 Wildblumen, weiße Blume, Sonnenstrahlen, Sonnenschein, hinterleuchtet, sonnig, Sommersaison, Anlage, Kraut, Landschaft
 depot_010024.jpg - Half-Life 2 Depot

...

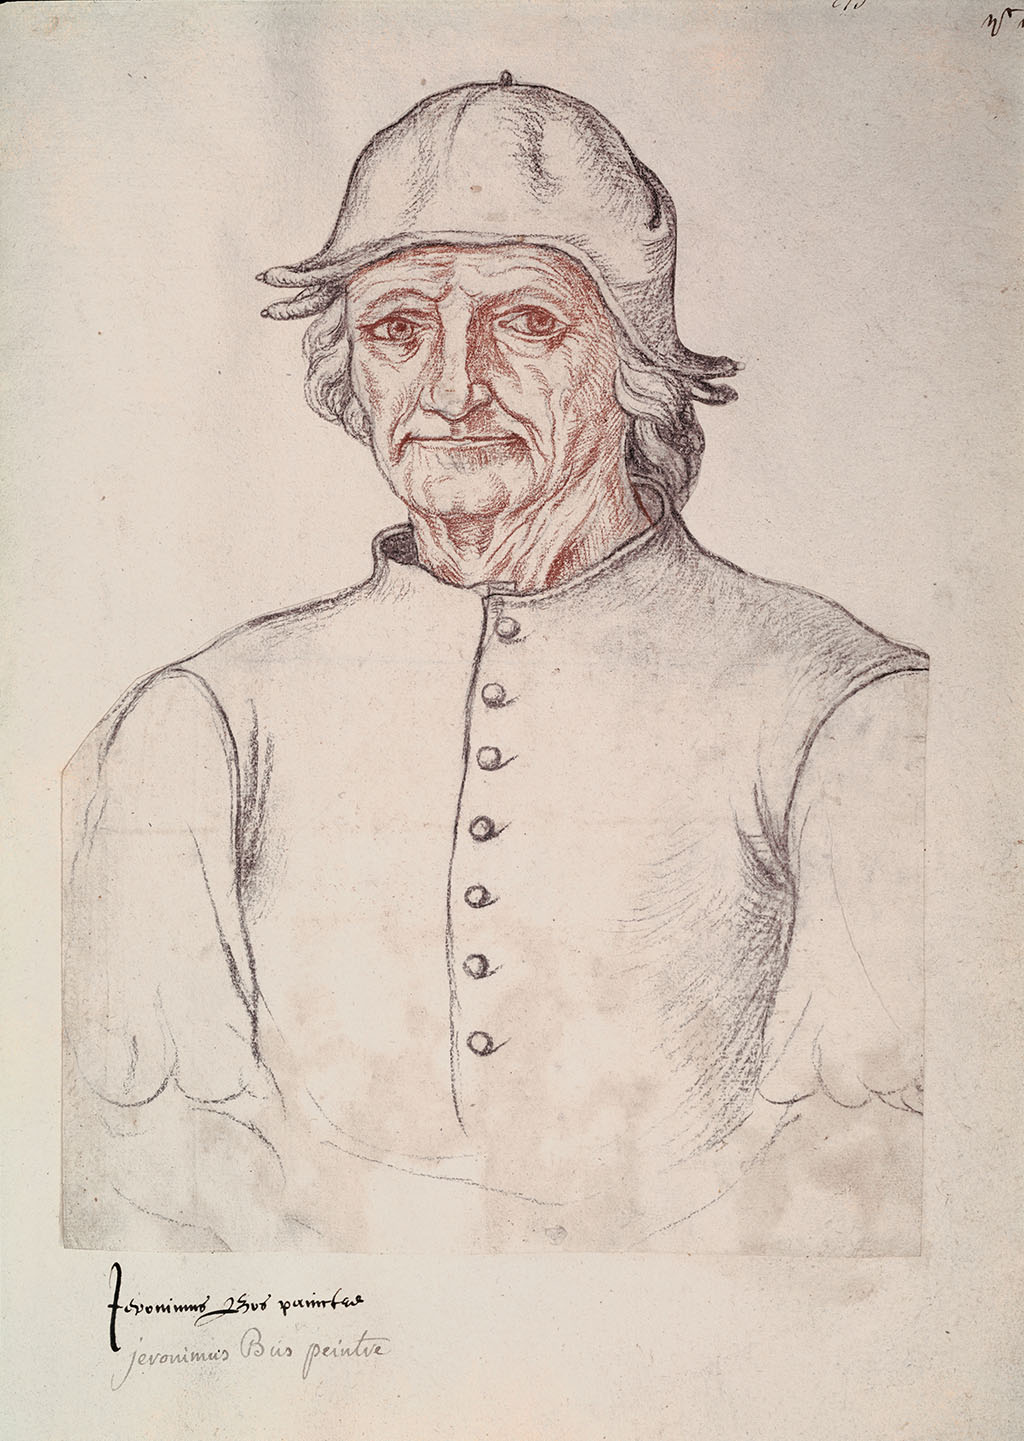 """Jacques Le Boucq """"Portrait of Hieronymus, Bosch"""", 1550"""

PROBLEM REQUIREMENTS:
Begin with the line that has "Anlage, Kraut, Landschaft" in the listing above and end after the line that has "depot_010024.jpg - Half-Life 2 Depot"; output those lines exactly.

TASK RESPONSE:
 Wildblumen, weiße Blume, Sonnenstrahlen, Sonnenschein, hinterleuchtet, sonnig, Sommersaison, Anlage, Kraut, Landschaft
 depot_010024.jpg - Half-Life 2 Depot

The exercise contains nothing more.